Is that the price Welsh drivers,
farmers, businesses and tourists must pay to plug the gap between
Plaids spending commitments and Labours vanity? In that
case, the mechanism to impose a national road pricing scheme, which has
been so roundly rejected in England, would be tried out in Wales, and
Wales would be the casualty. That would, however, not be the first
time, because we know that Wales has been used as an experiment for
council tax revaluation and rebanding, so it could easily be used as a
guinea pig on a national road pricing
scheme.
We
have also seen a casualty that has already been announced, the
electrification of the Wrexham to Bidston line, which has now been
shelved almost indefinitely. However, I am grateful to the Secretary of
State for agreeing to consider singling out those framework provisions
in the major pieces of legislation that are going through this House
and protecting those clauses for significant discussion and scrutiny in
Public Bill Committees. I hope when he looks at clause 109 of the Local
Transport Bill, he will see that the possibility I have raised is
absolutely for real. Hopefully, he will ask for the detail to be
inserted, so that it can be dedicated to specific
themes.
In
the same way as the impact on the Welsh people of the proposed
legislation has not been thought through, the same is true of other
aspects of the programme laid out in the Gracious Speech.
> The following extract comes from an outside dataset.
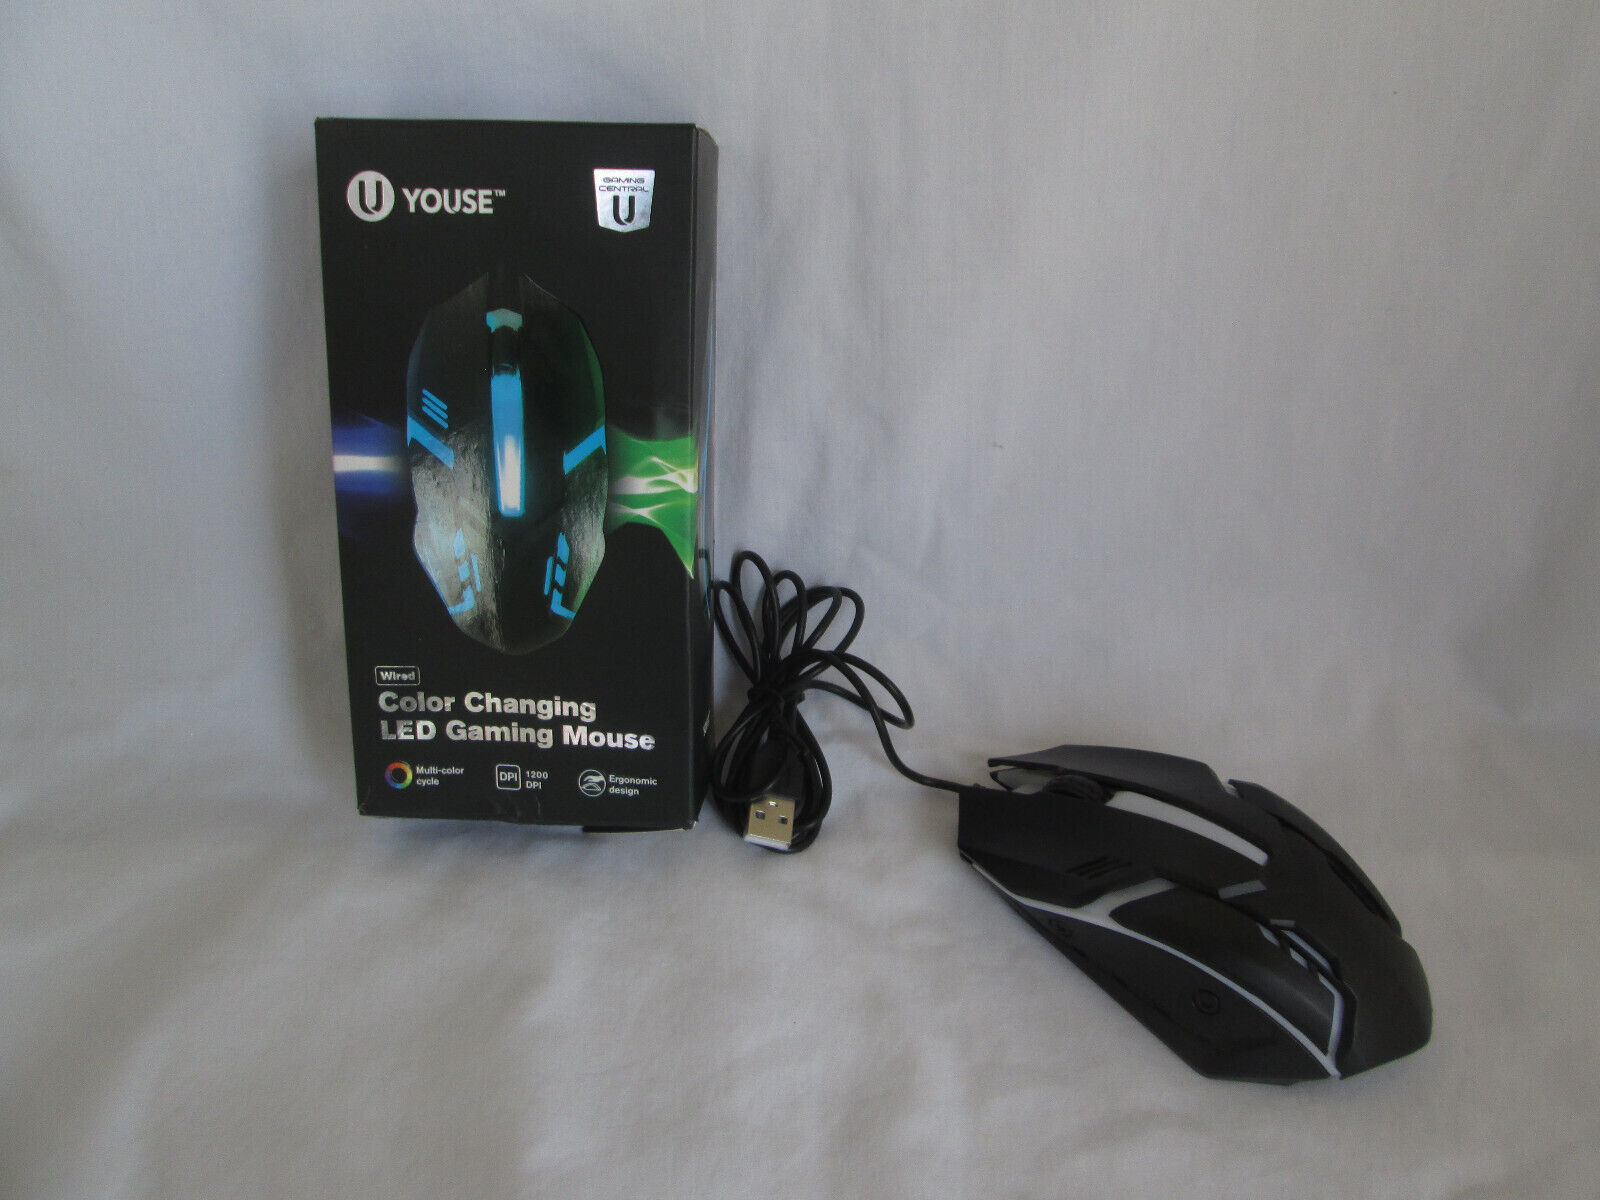 U YOUSE Wired  Color Changing LED Gaming  Mouse  NEW Open Box

The Planning
Bill looks attractive at first glance, as it appears to strengthen the
Assemblys control over matters that could reasonably be carried
out under the current devolution settlement. However, closer
examination reveals that it gives the Assembly powers sucked up from
local authorities, which are closer to the people. It is a move that
will centralise power rather than devolving it. Furthermore, it
establishes an infrastructure planning commission, a quango which will
effectively be unsackable, unaccountable and unelected. The IPC will
have wide-ranging powers that will rob local communities of a voice
over issues of the utmost concern to
them.
It has been said
that that Bill will:
remove the publics
democratic rights to challenge projects at public
inquiries.
Those are
not my words; they are the words of the National Trust, Friends of the
Earth, the Royal Society for the Protection of Birds, Transport 2000
and, most importantly, the Campaign for the Protection of Rural Wales.
It is all very well paying lip service to devolution, but the reality
is that powers are being taken up and centralised, moving them further
away from the people.
Mr.
Roger Williams:
I share the hon. Ladys concerns
about the Planning Bill. Does she agree that the only way in which
people can take action against that new quango would be through the
courts, which would be out of the reach of most people? The inability
of people actually to attend a public inquiry and put their views
forward would seem to be a real problem for people of low means who are
trying to contest a planning
application.
Mrs.
Gillan:
The hon. Gentleman might be right. It is possible
that that could be done only by judicial review, so
the measure could have even more implications. However, the Bill is
passing through this place, and we
do not know in what shape it will arrive at its final destination. I
urge the Secretary of State to consider the effect that it will have on
the people of Wales and their ability to have their voices
heard.
The Education
and Skills Bill looks reasonable from a Welsh perspective, and
certainly transferring powers on the regulation and inspection of the
education and training of 16-year-olds is probably welcome. However, it
also includes powers over independent schools, including registration.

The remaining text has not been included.